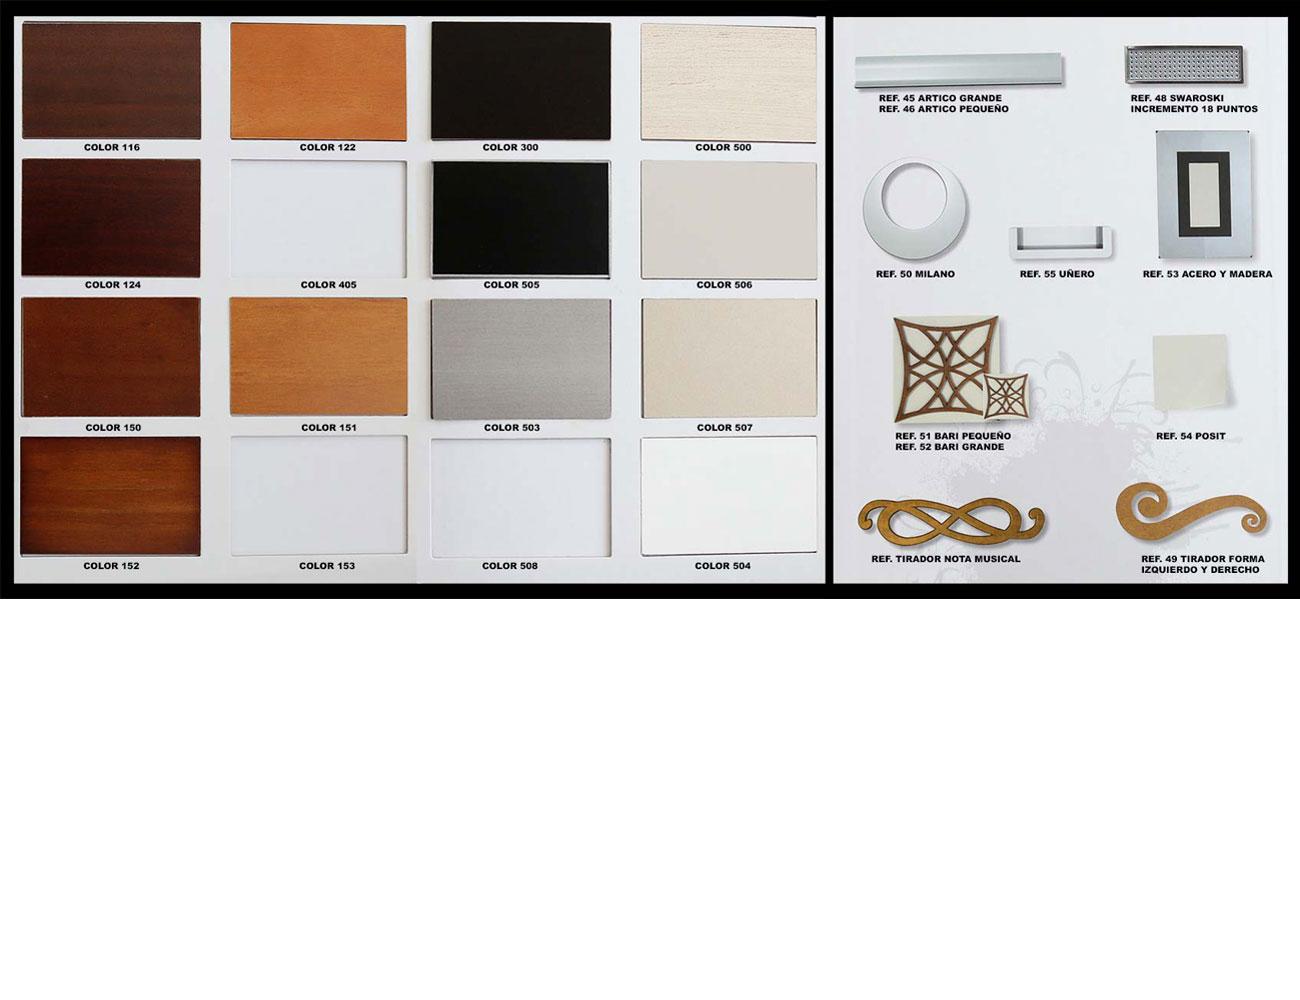 Colores tiradores22
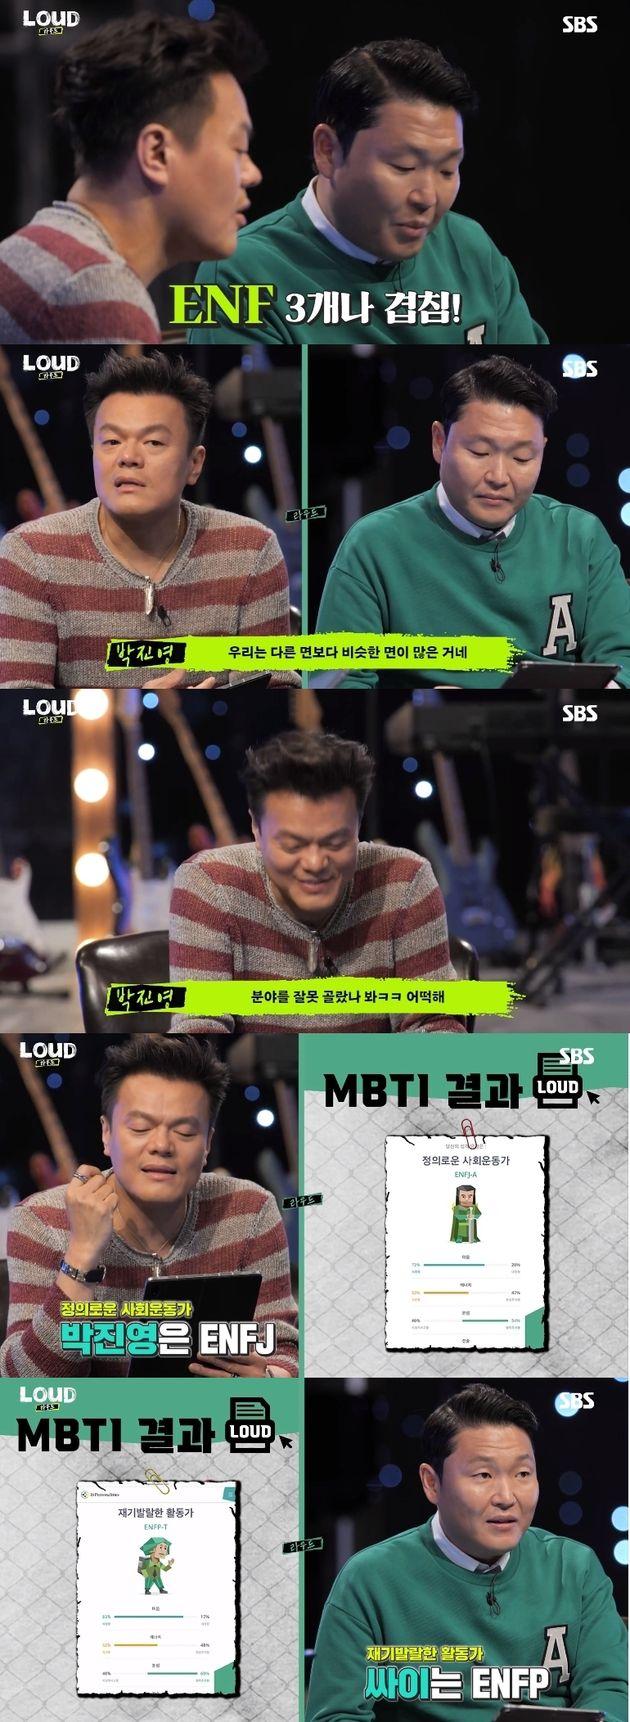 'LOUD:라우드' 선공개 영상
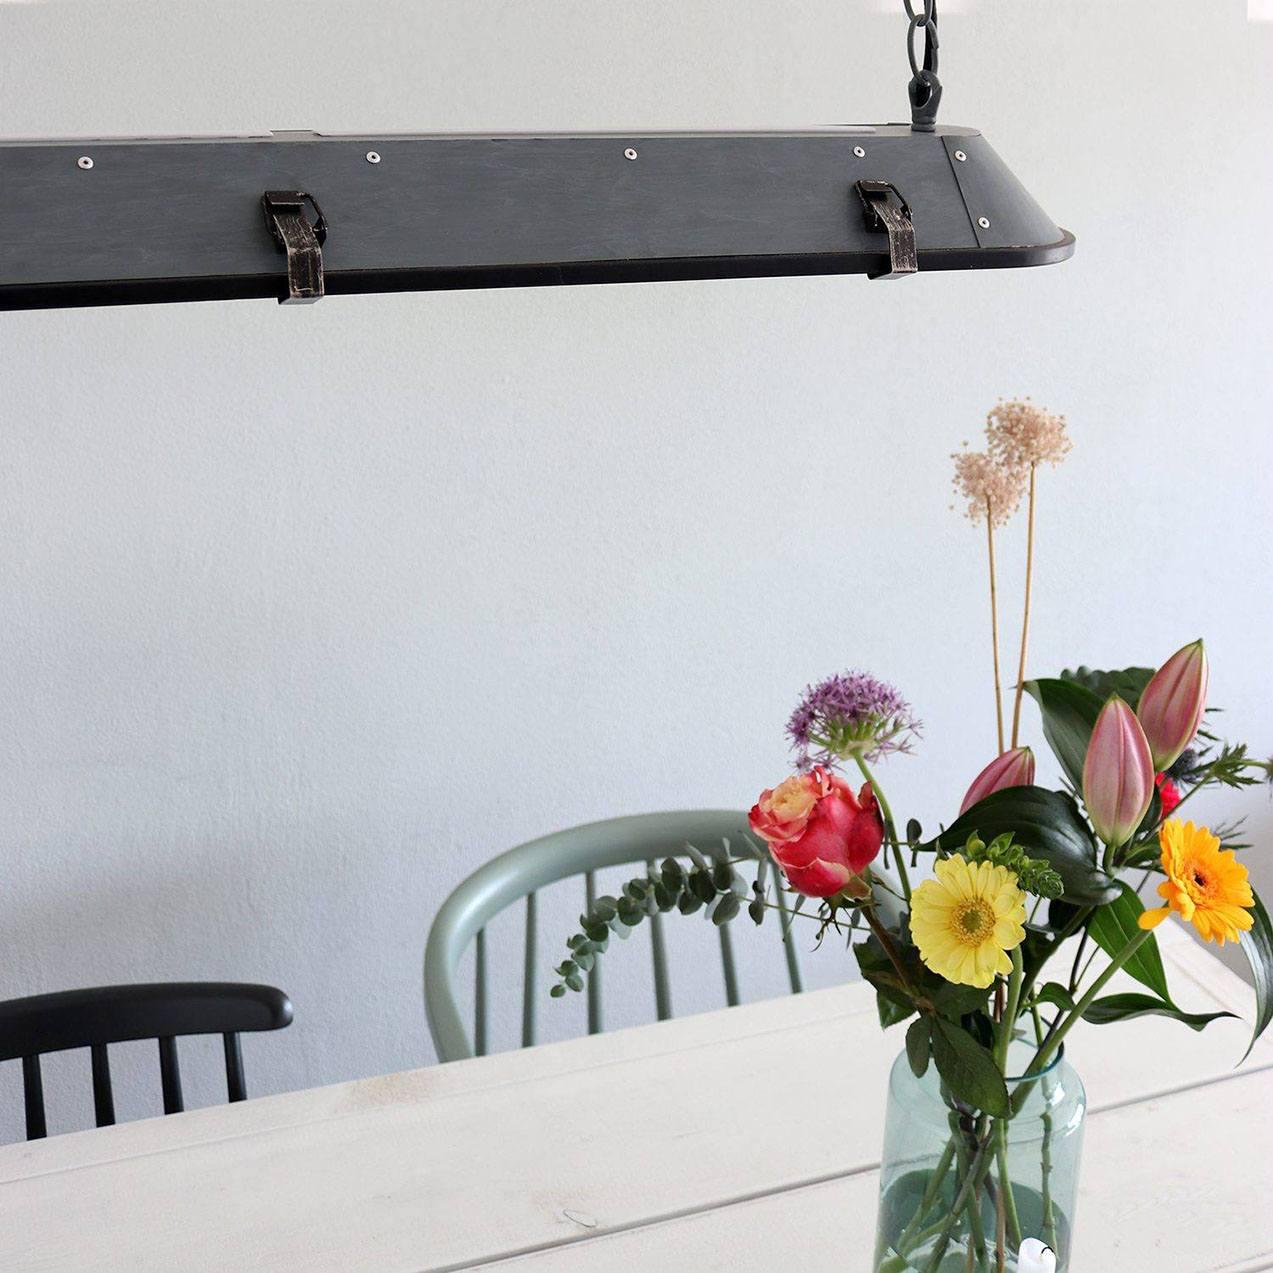 Stoere hanglamp voor boven eettafel van Steinhauer, bij Webo Verlichting in Beuningen bij Nijmegen.

- _What the task asks_
Everything but the pictures is needed: copy the data above exactly.

- _Answer for this exercise_
 Colores tiradores22
 'LOUD:라우드' 선공개 영상
 Stoere hanglamp voor boven eettafel van Steinhauer, bij Webo Verlichting in Beuningen bij Nijmegen.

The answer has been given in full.